If data are stored under individual management, in addition to ensuring they are accessible to/retrievable by at least two people, some handover policy would be required, so that if the data owner or primary data steward left the University, the data would continue to be accessible, either at the University or elsewhere.
Data that are archived by any of the above means should be write-protected, so that once they are stored in their definitive form, they cannot be further modified. It is advisable to have a designated steward for archived data within a research group or department, who maintains a register of archived datasets, their locations, and responsible owners.
In each case described above, you should create a metadata record in the University's Research Data Archive describing the data and the means by which they can be accessed, so that others can find out about the data and request access to them. If a request to access the data is received, this can be granted by inviting the requester to view the data on site (if this is feasible), or by arranging (at their expense) to send a hard drive containing a copy of the relevant data.
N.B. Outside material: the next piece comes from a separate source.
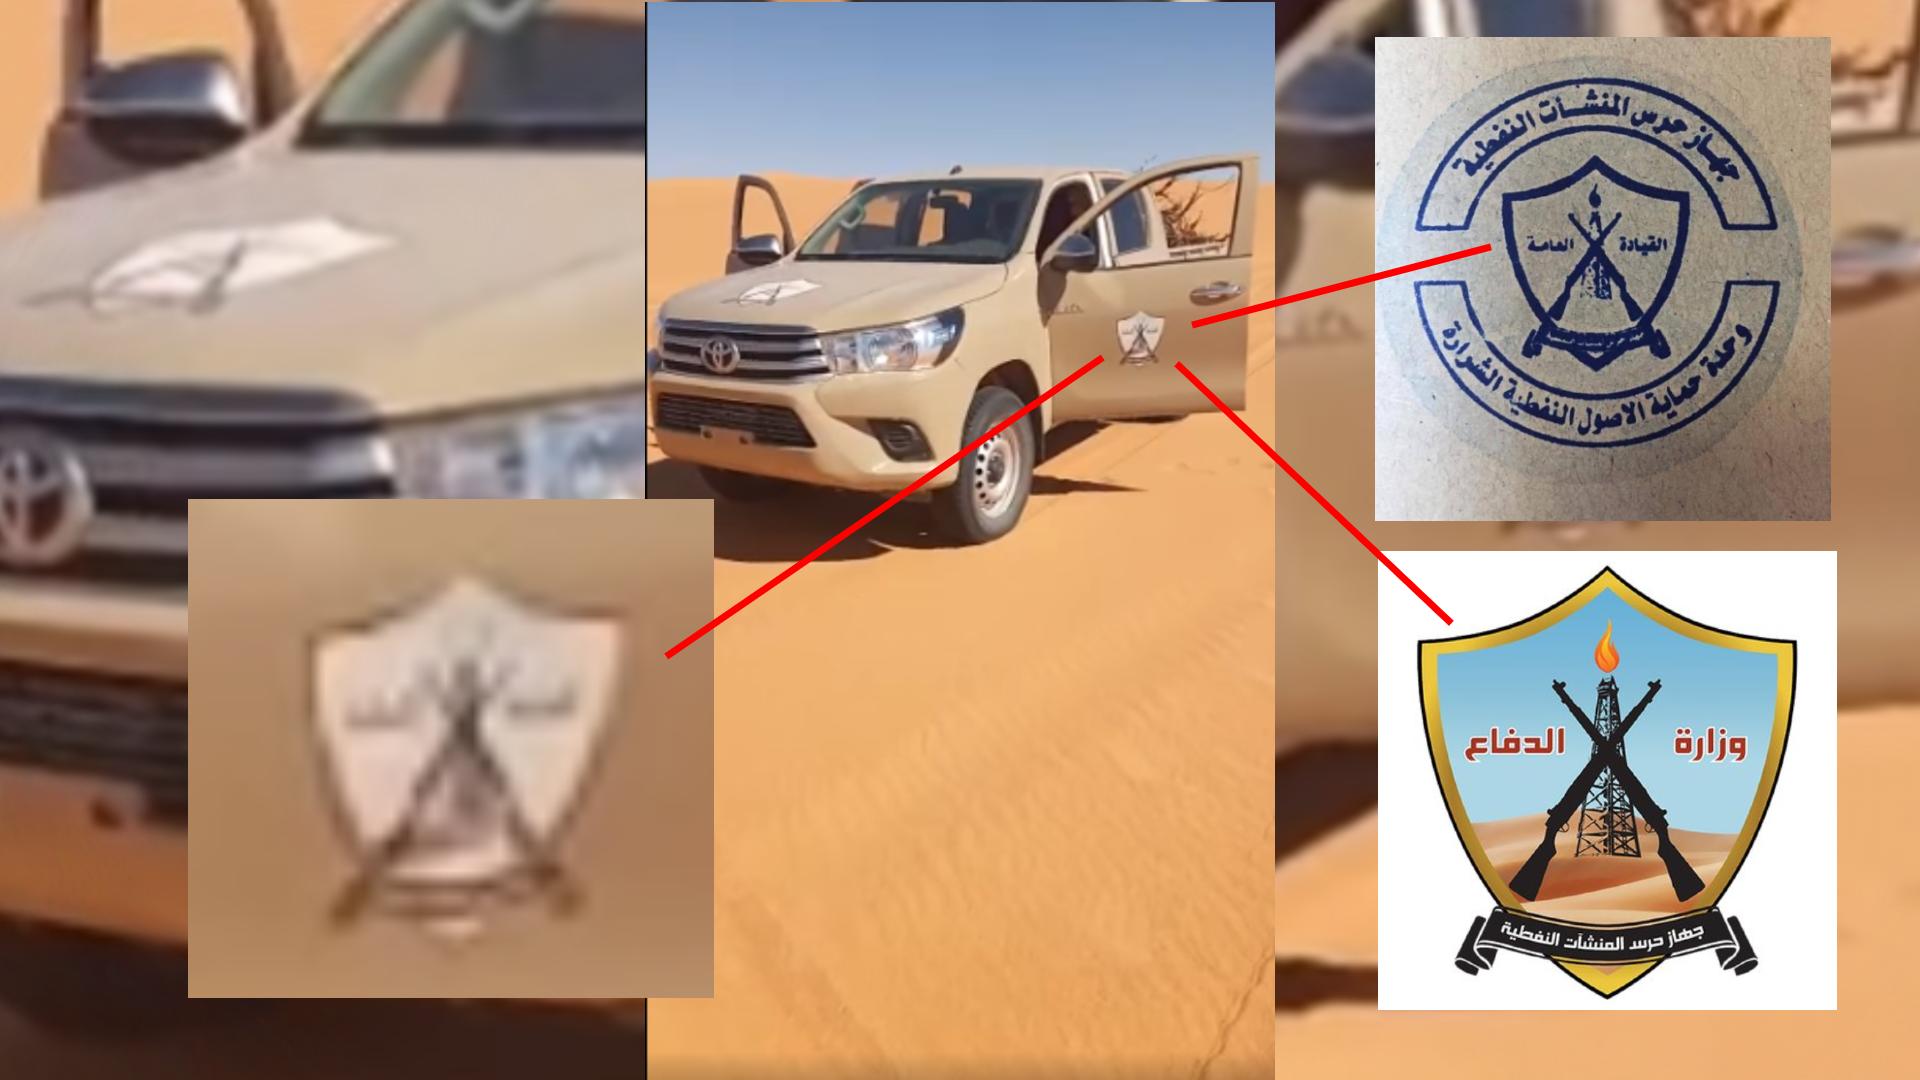 Le logo présent sur la portière et le capot du 4x4 dans la vidéo correspond à celui de la Petroleum Facilities Guard, une faction de l'Armée nationale libyenne.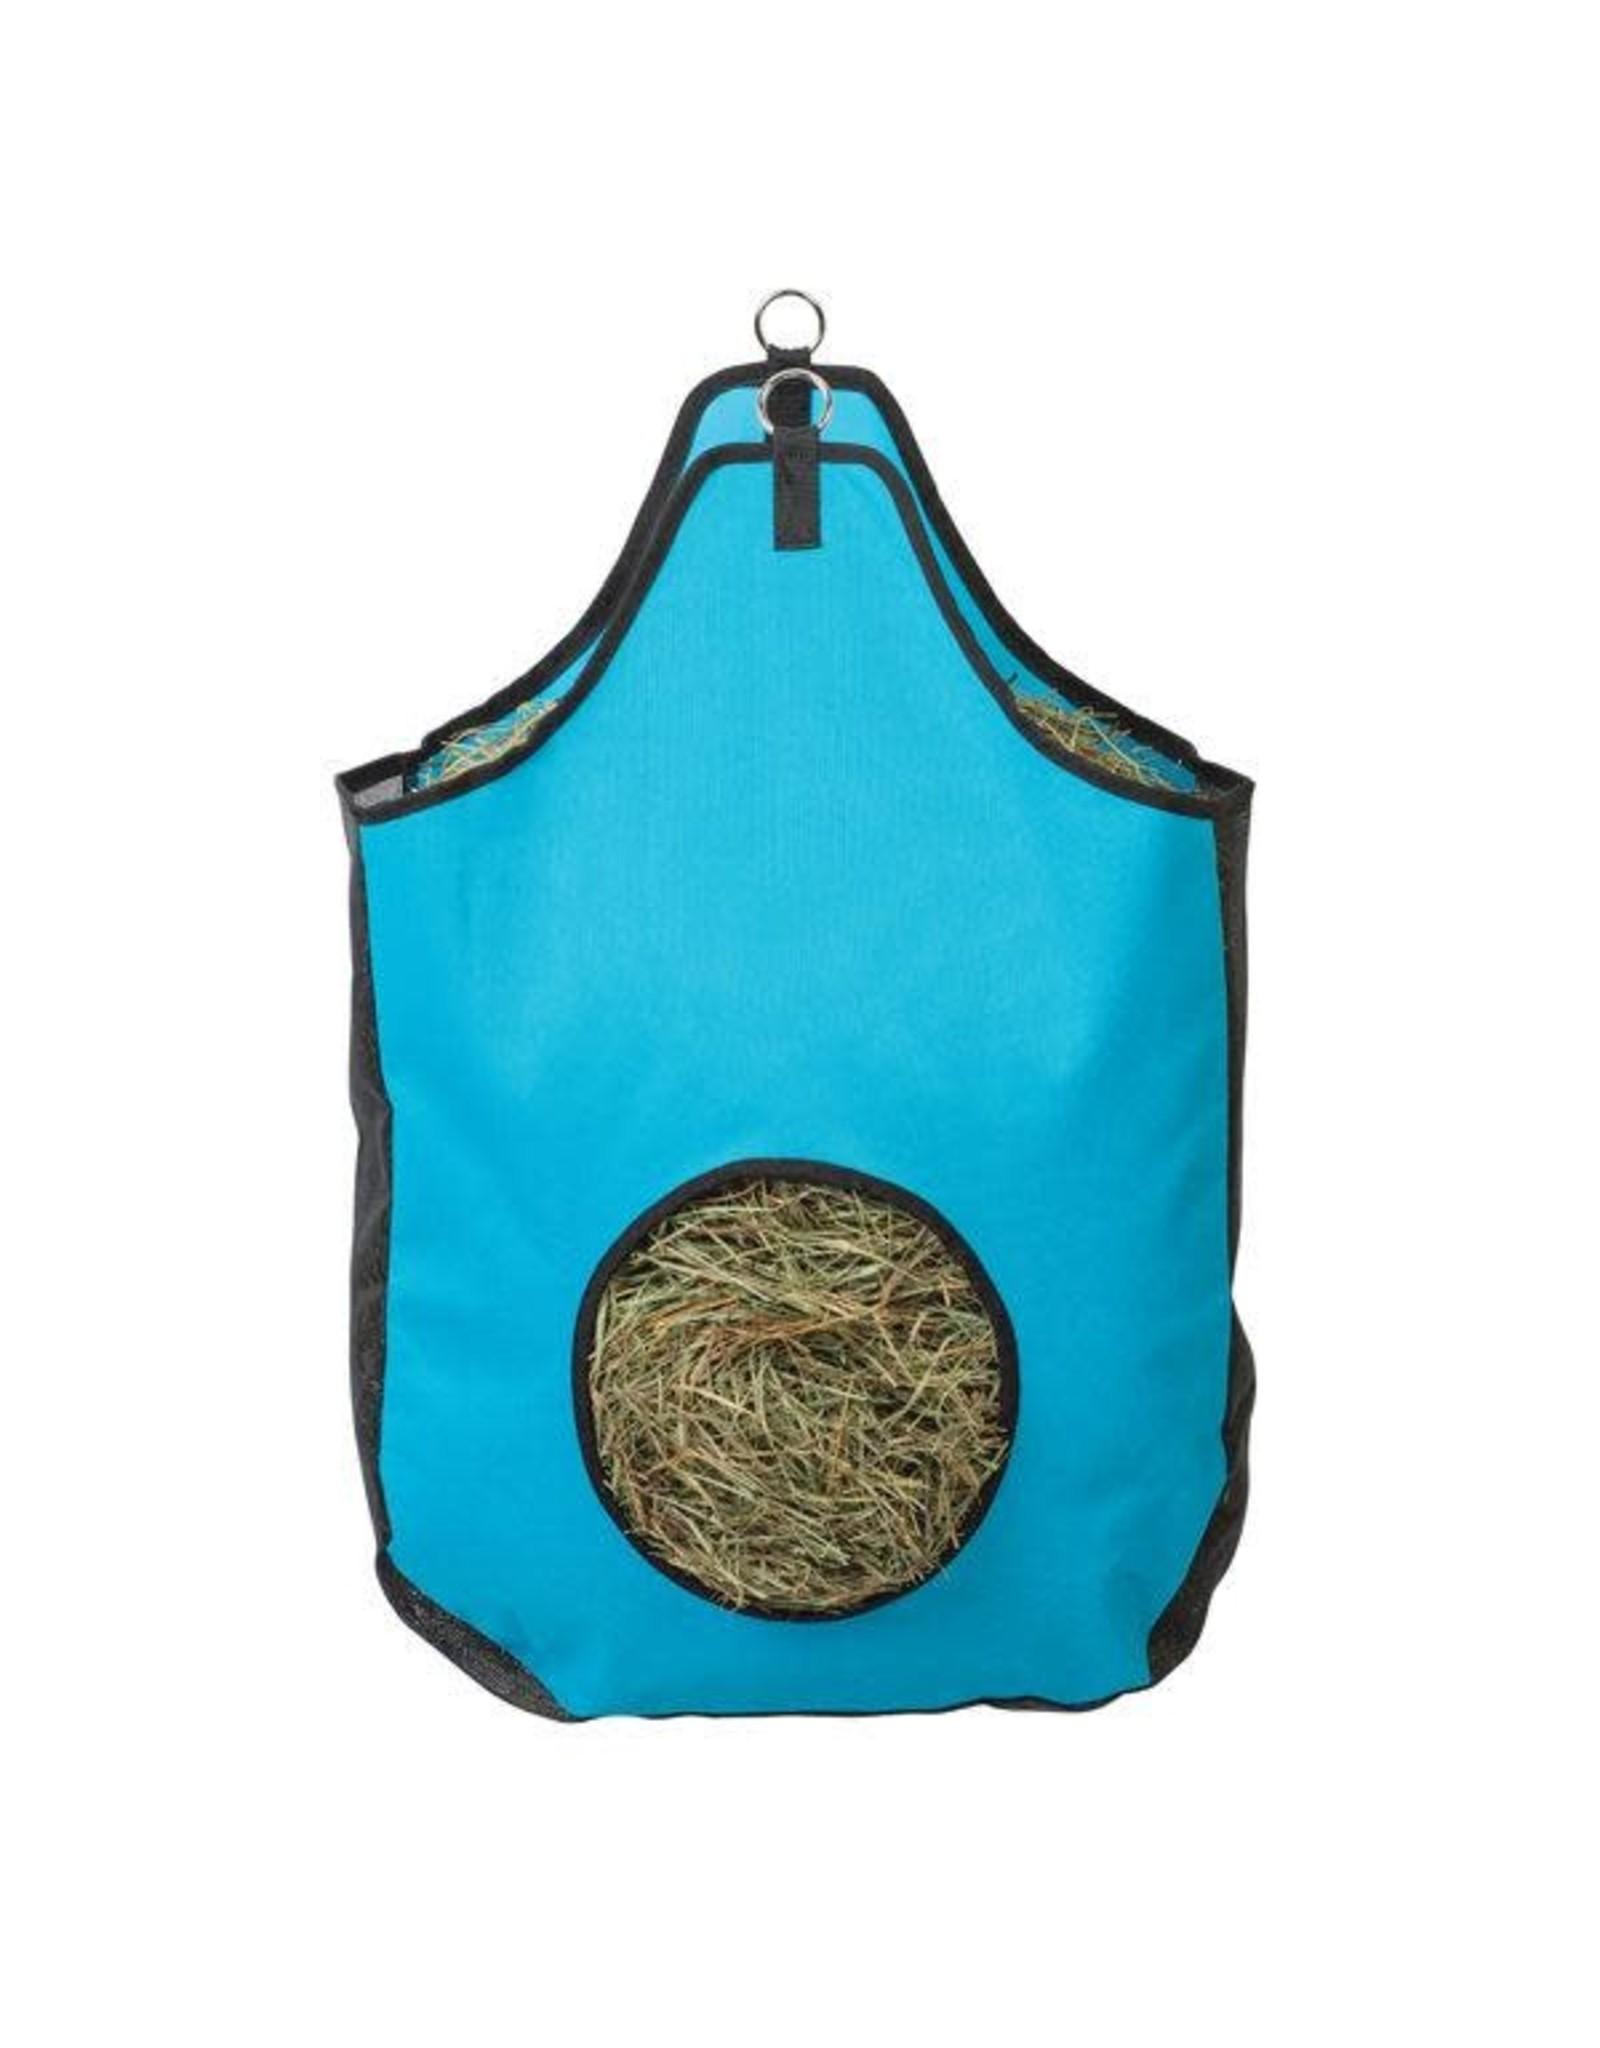 Weaver Hay Bag Cordura W/Mesh Bottom Solid Color

Non-digital (offline) data
Non-digital data should be stored in a secure School or Department archive or office. At least one colleague (for example, a departmental administrator) should have a record of where the data are and how they can be accessed. Ideally this information would be held in an information asset register maintained by the School or Department; if no such register exists you may wish to establish one, even if only with your research group.
You should create a metadata record in the University's Research Data Archive describing the data and the means by which they can be accessed, so that others can find out about the data and request access to them.
If data are stored under your authority and you leave the University, you must hand them over to a colleague if you leave them behind, or provide a forward contact if you take them with you.